Pero combatiendo el horror. Ayudando. Dando una lección. Una enorme lección de
vida, de humanidad.
Los días siguientes al terrible
atentado de los trenes de Madrid, los madrileños estábamos afectados por los
sucesos. Nos sentíamos heridos en lo más profundo. Unos porque habían perdido a
algún familiar o amigo en la maraña de vagones retorcidos y calcinados; otros,
empero, porque sentían una enorme angustia a la hora de volver a montar en un
tren de cercanías o en el metro. El que no conocía a alguna víctima, conocía a
algún familiar de alguna víctima. De modo que, finalmente, casi toda la ciudad
había de uno u otro modo sido víctima del atentado. Facilitando que todos nos
sintiésemos víctimas. Hubo gente que requirió asistencia psicológica después de
haber ayudado en los andenes. Recuerdo en el metro, ver gente con miradas
perdidas. Lágrimas asomándose. Rostros tristísimos. Terror a flor de piel.
Hombres y mujeres rezando mientras se ponía en marcha el tren. Si se detenía en
medio de un túnel, algún grito que se dejaba escapar. Llantos mudos. Las
lágrimas antes contenidas se vertían en la oscuridad del túnel. El miedo
afloraba sin distingos. La tristeza campaba a sus anchas por todos los rincones.
La ciudad estaba triste. La gente estaba triste. Pero seguimos trabajando.
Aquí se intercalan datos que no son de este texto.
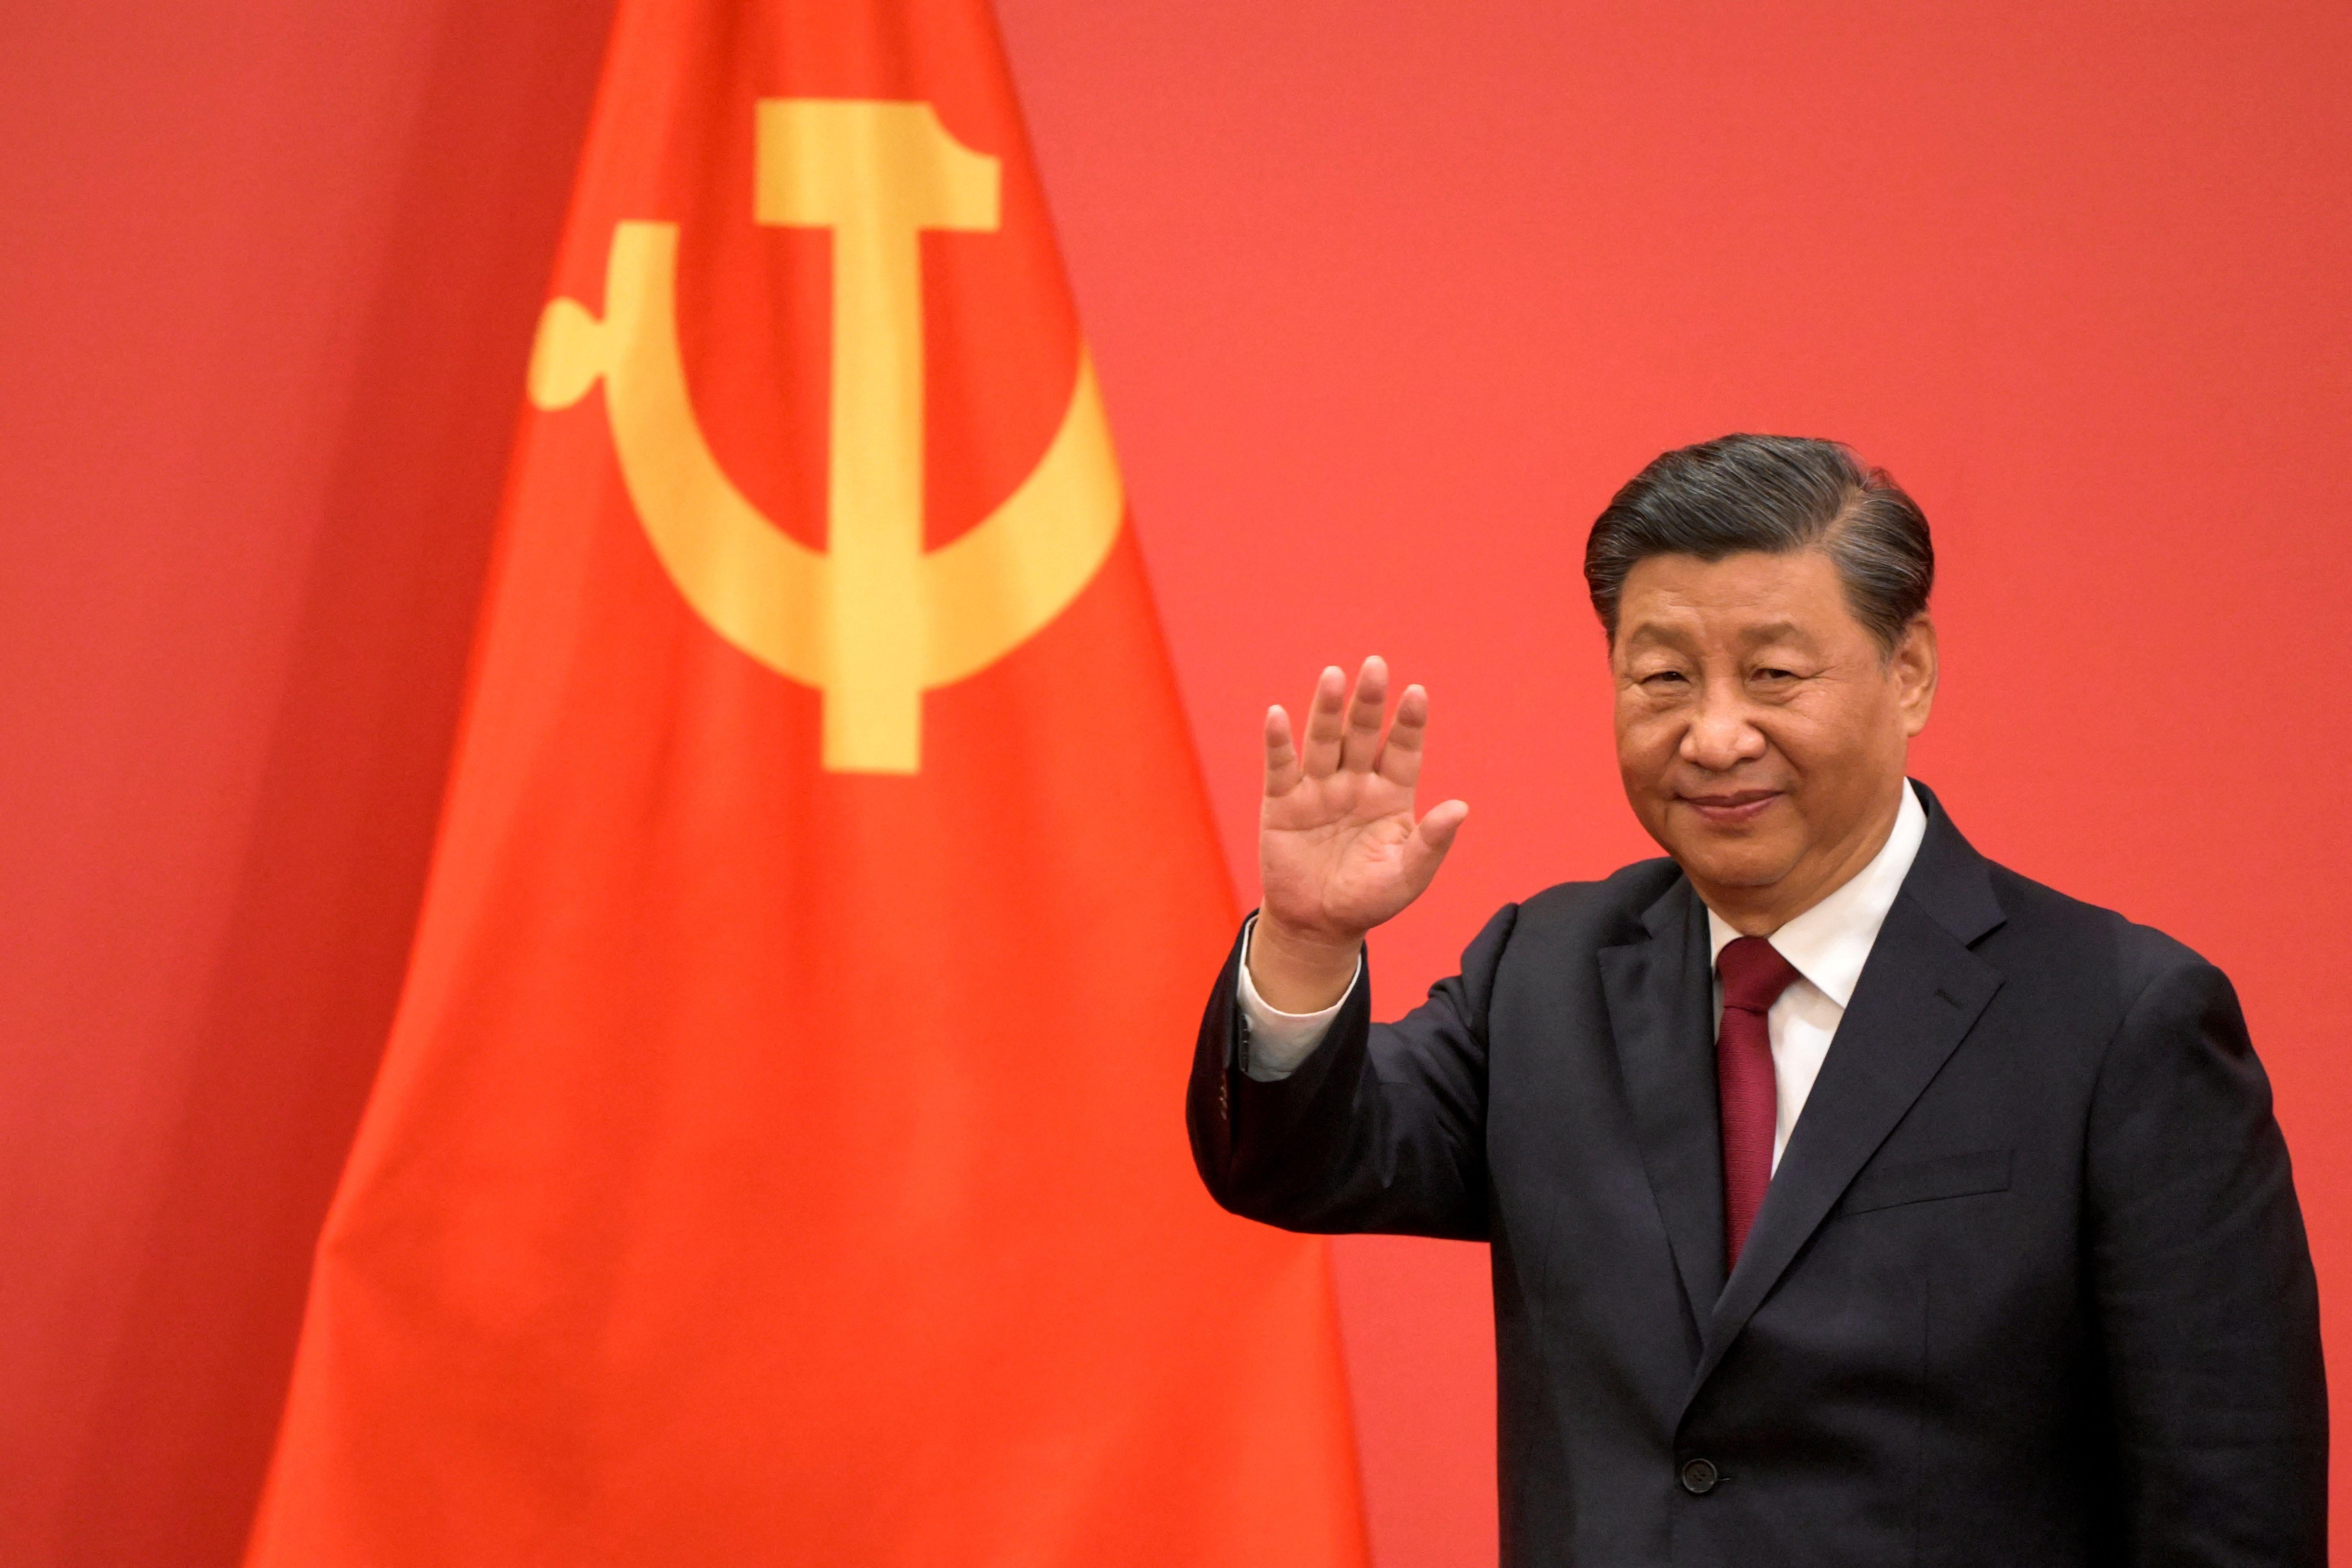 Xi Jinping waves in front of Chinese Communist Party flag.

Seguimos haciendo nuestra vida. De tripas corazón. Intentando rehacer nuestras
vidas. Pasando página. Dando una nueva lección de vida. De sacrificio
ciudadano.
Y es que, esas lecciones de vida se
quedaron grabadas en lo más profundo de mi alma. Un alma henchida por el
orgullo que sentí. Un vívido orgullo por mis conciudadanos, por mis convecinos.
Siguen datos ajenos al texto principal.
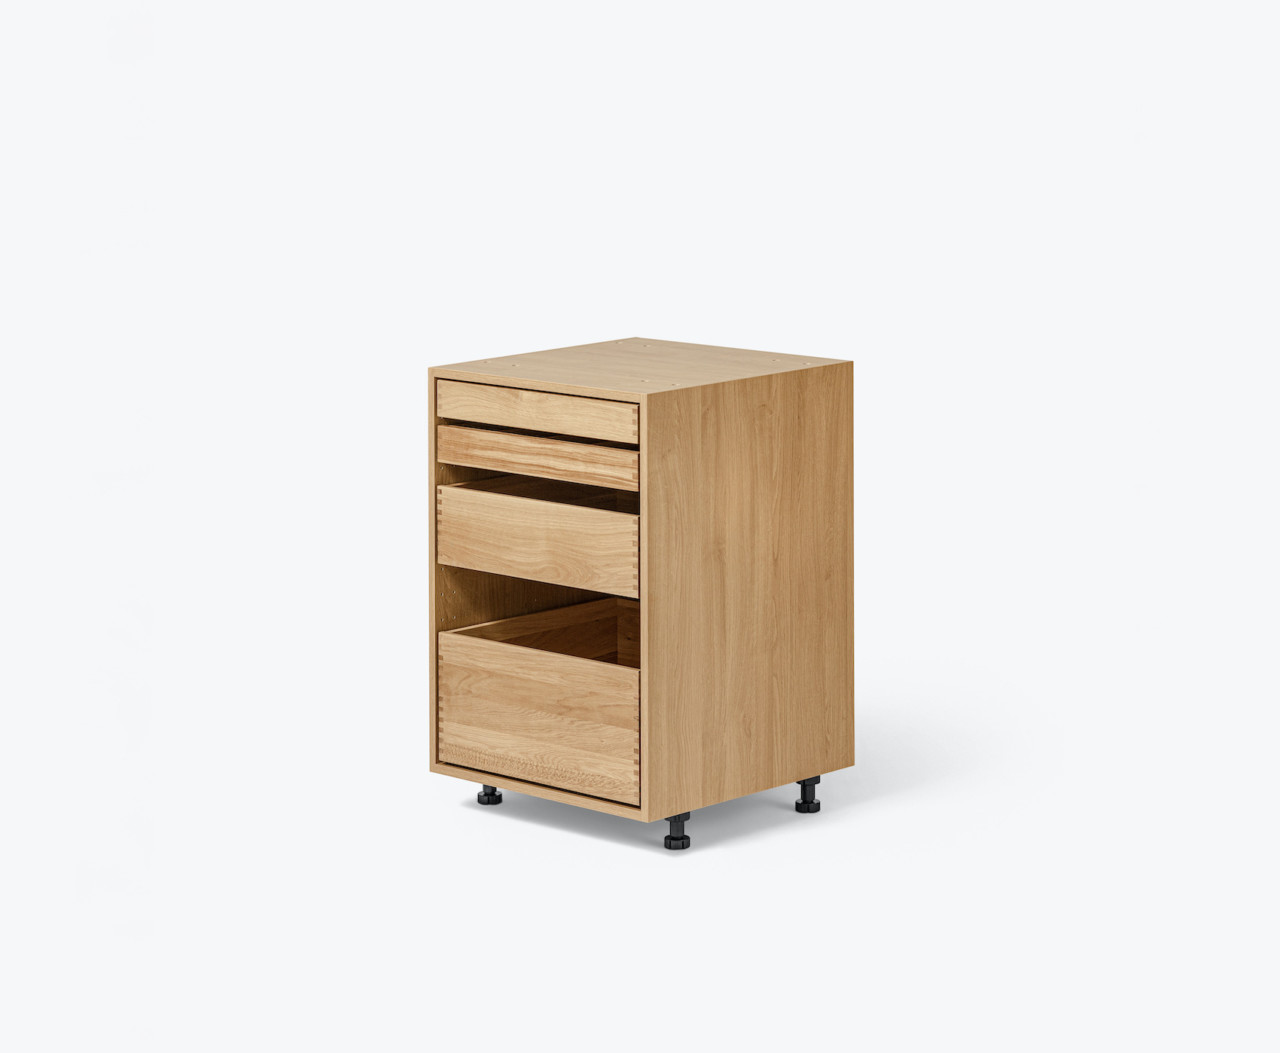 Modular Cabinet System by Reform

Por todos esos héroes. Entre los que quiero destacar a mis primos y mis tíos
que también estuvieron en uno de aquéllos andenes ayudando sin desmayo.
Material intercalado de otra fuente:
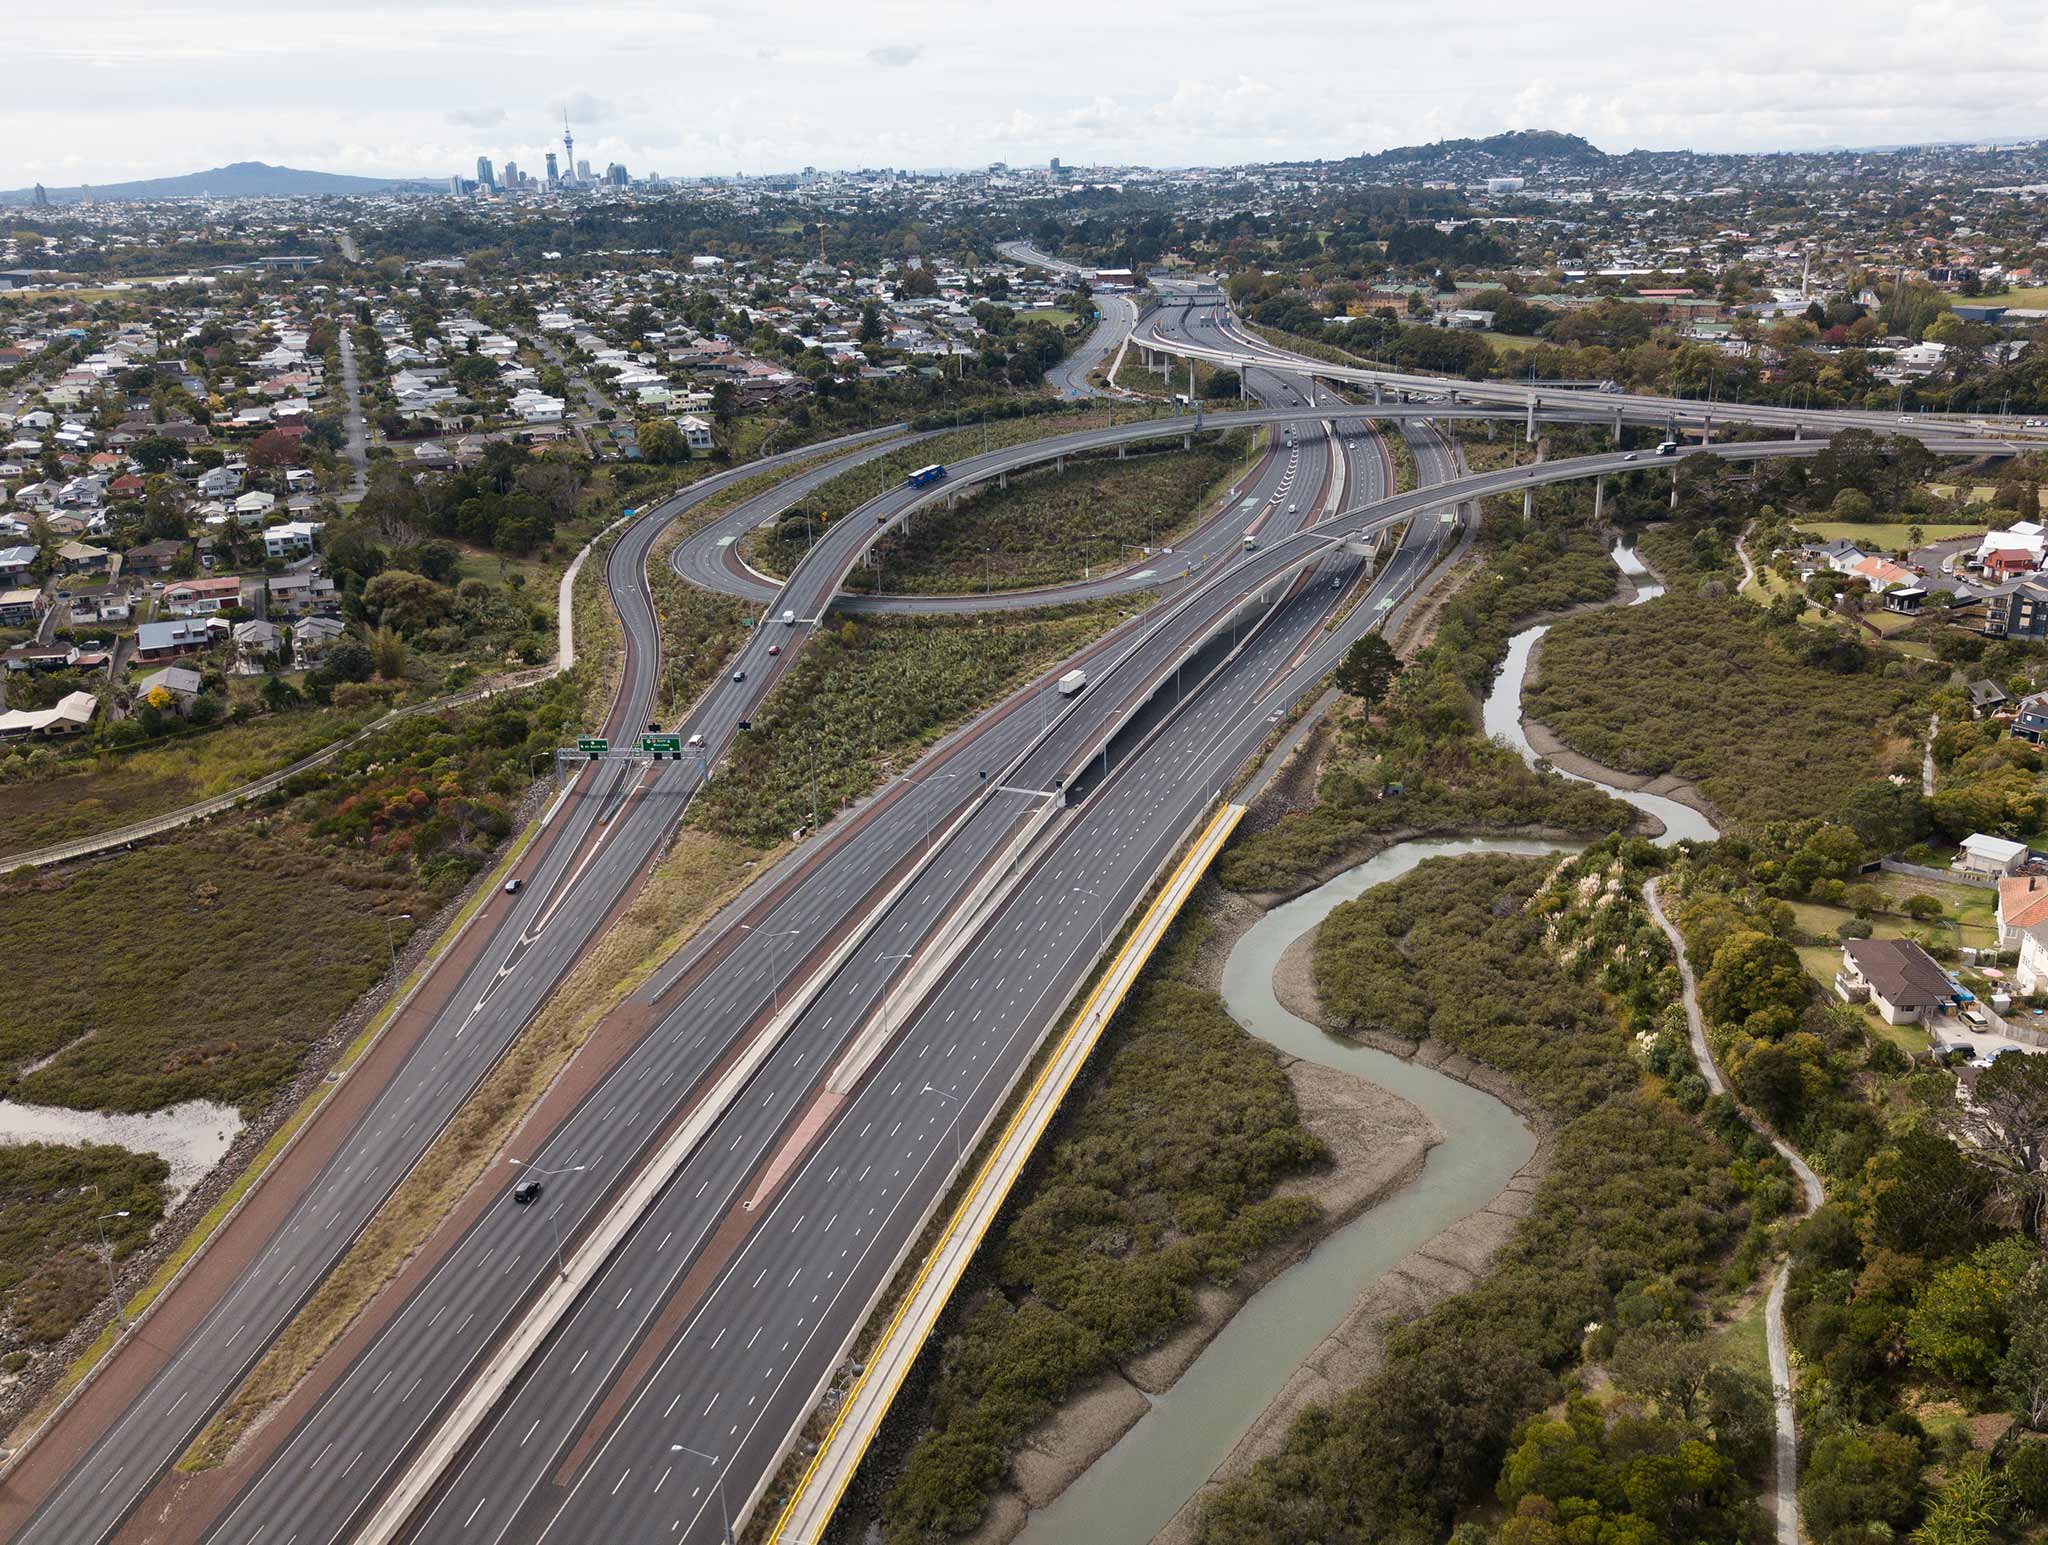 Photo of an aerial view of the motorway, with very few cars on it.

Ofreciendo su tiempo, dando su vida y regalando su sacrificio por los demás. Un
orgullo que me lleva al borde de las lágrimas cuando recuerdo a tantos y tantos
héroes anónimos que no pedían nada a cambio y que tanto dieron. Que no
obtuvieron más que la satisfacción por el deber cumplido y algún que otro
trauma. Una satisfacción merecida. Algún que otro trauma también porque tiene
que ser muy duro verse en medio de un escenario tan dantesco como fue aquél.
Ese jueves quedó grabado en mi memoria. Quizá lo que más recuerde sea la
tristeza. Pero una tristeza difuminada, como digo, por el orgullo que he
sentido, y sigo sintiendo, por aquéllos héroes.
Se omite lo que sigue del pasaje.